Exercise brief: Beginning with the line that contains "Hermes - Coral Grained Leather Oran Sandals", copy each subsequent line of the data below through the last one, including both ends but not the pictures.

[Stored dataset items]
--

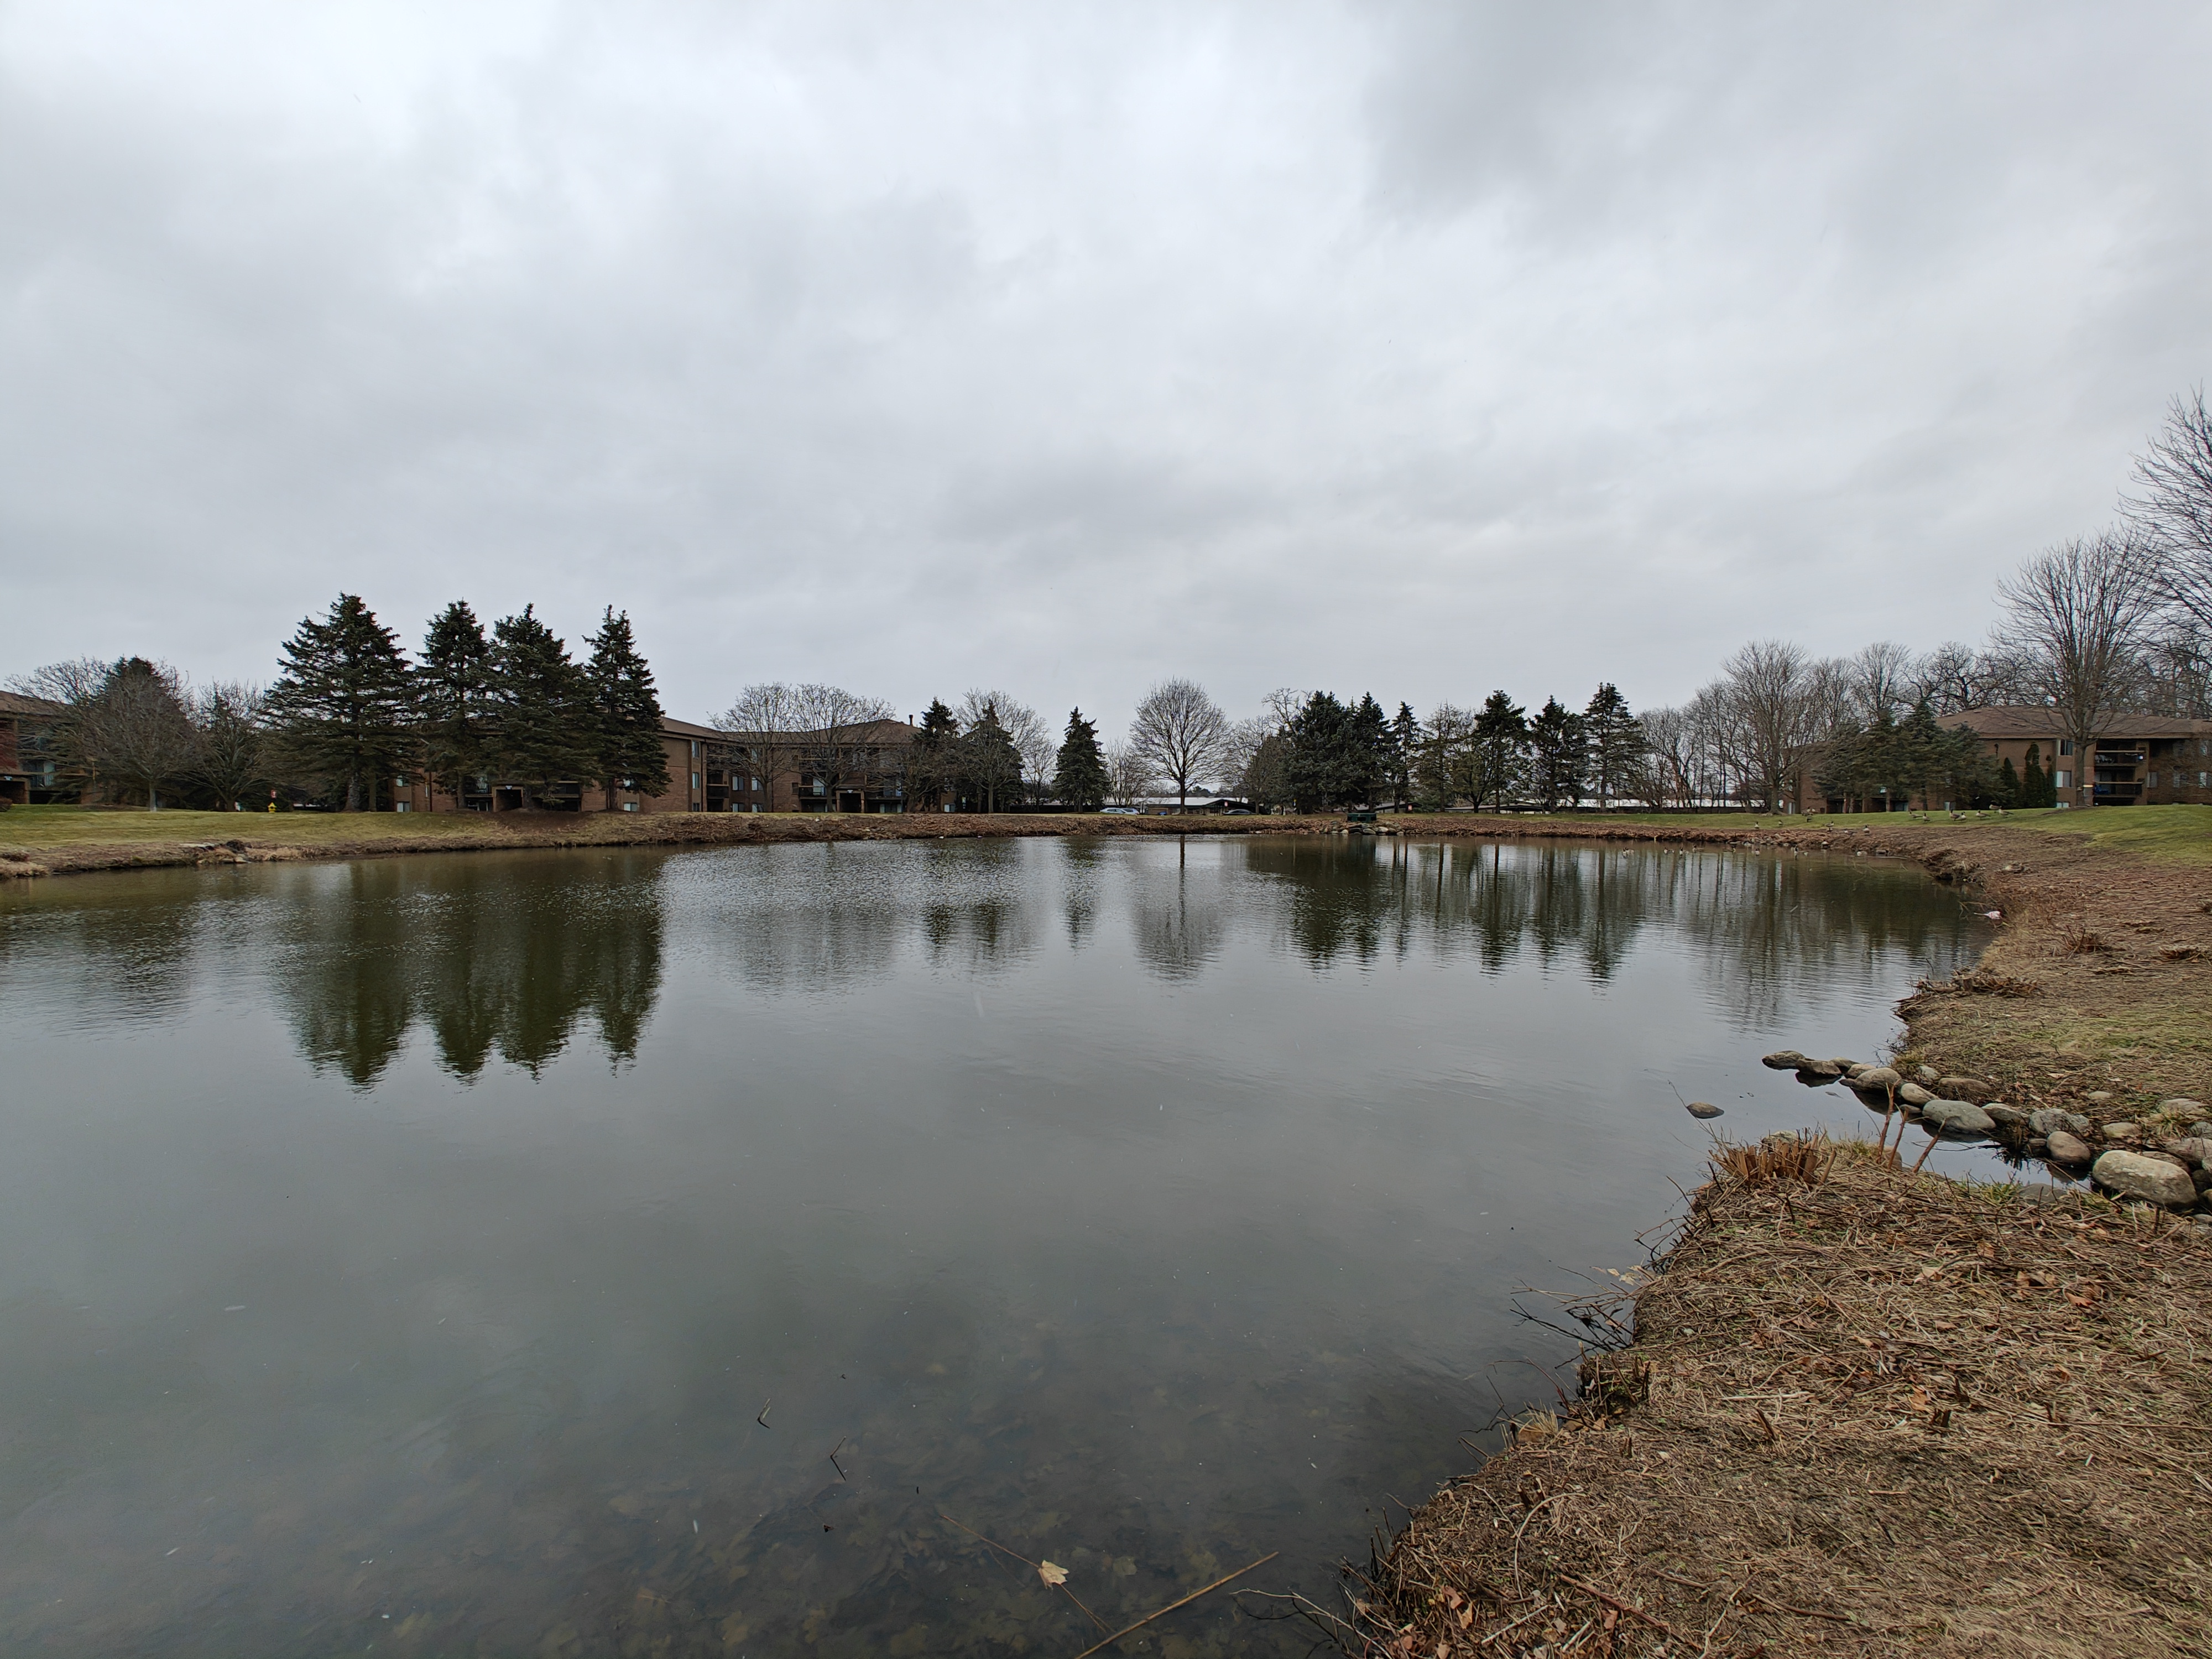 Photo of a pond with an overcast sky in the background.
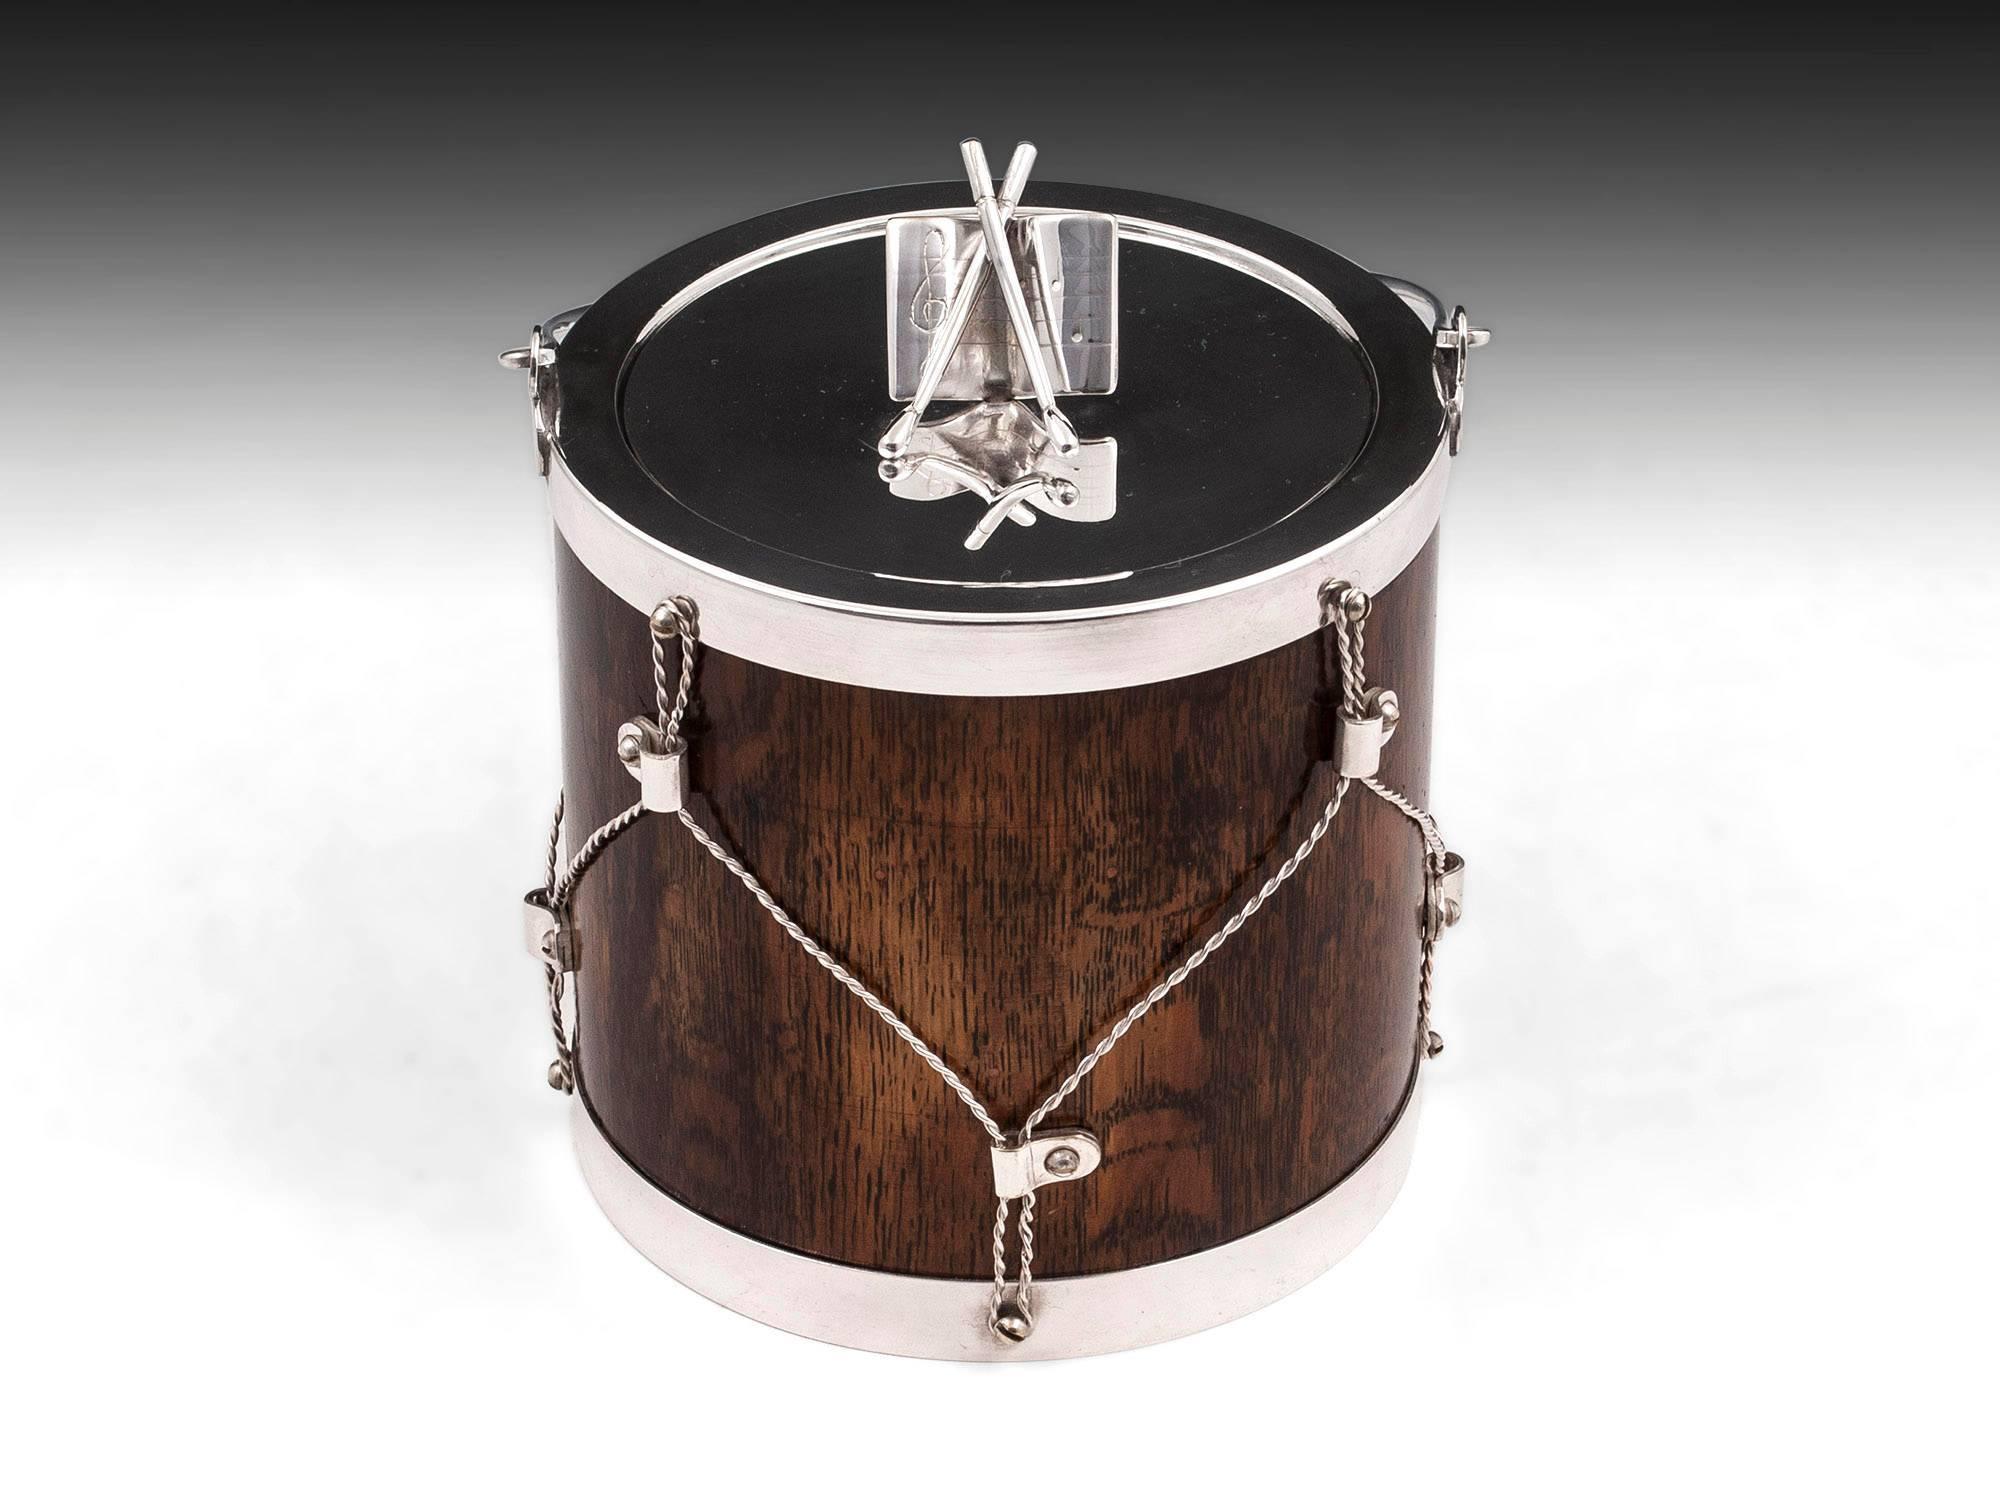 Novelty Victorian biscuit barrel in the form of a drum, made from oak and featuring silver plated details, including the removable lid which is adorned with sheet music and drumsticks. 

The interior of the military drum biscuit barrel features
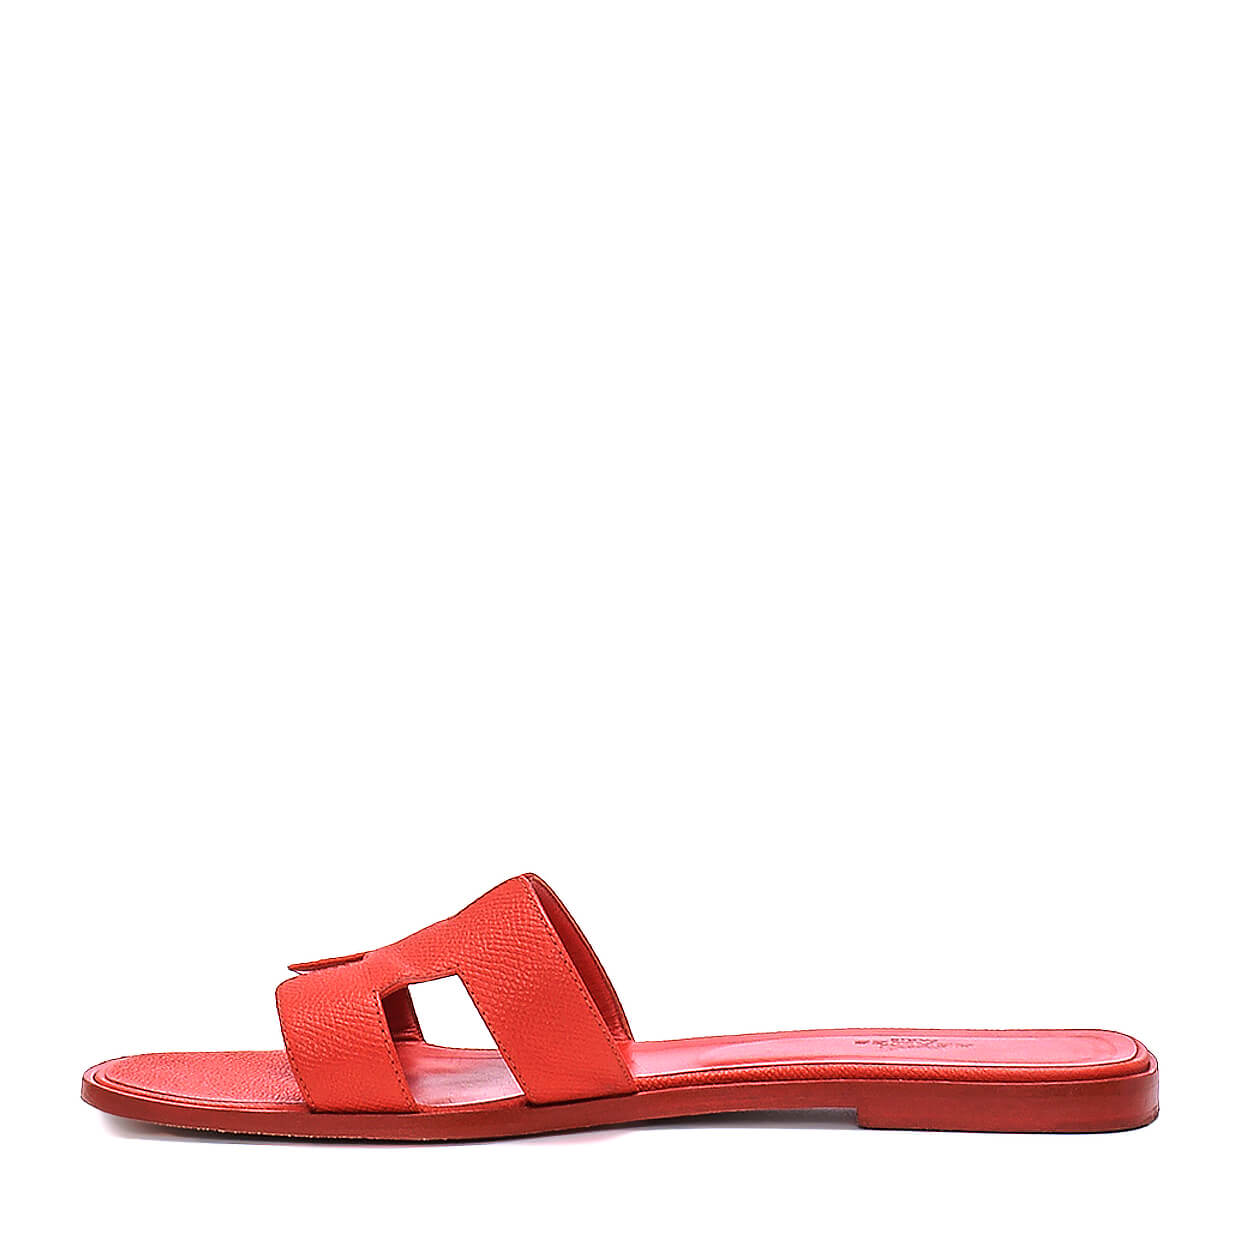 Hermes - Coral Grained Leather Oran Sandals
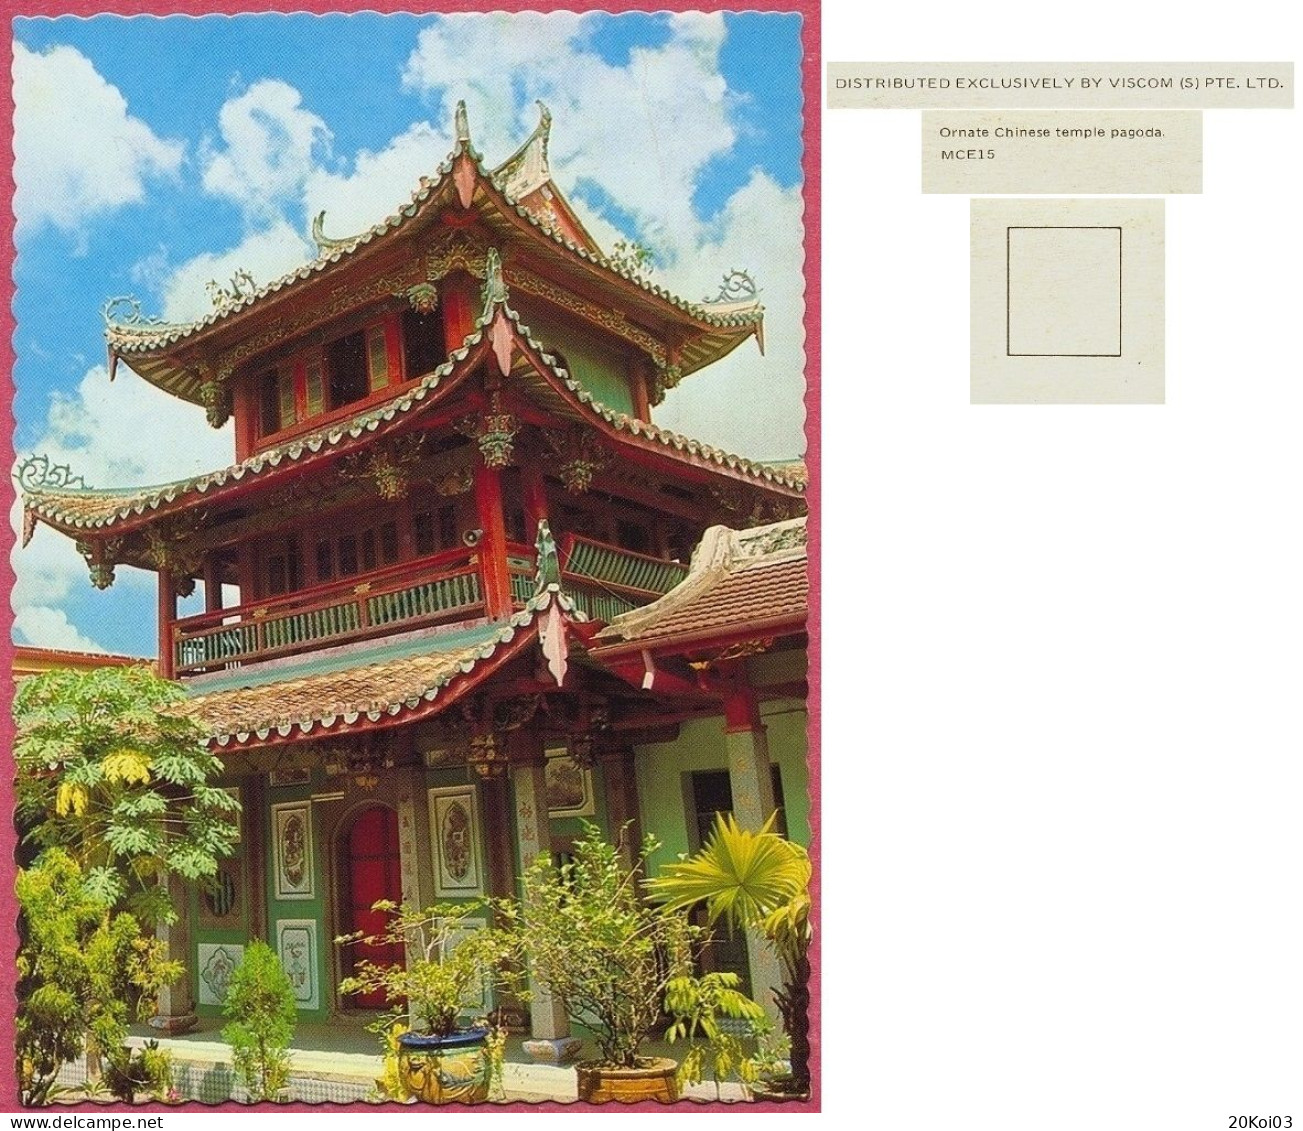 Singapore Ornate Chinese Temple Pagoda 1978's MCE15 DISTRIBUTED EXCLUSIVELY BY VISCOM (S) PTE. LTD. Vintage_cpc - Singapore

--

Answer box:
 Hermes - Coral Grained Leather Oran Sandals
 Singapore Ornate Chinese Temple Pagoda 1978's MCE15 DISTRIBUTED EXCLUSIVELY BY VISCOM (S) PTE. LTD. Vintage_cpc - Singapore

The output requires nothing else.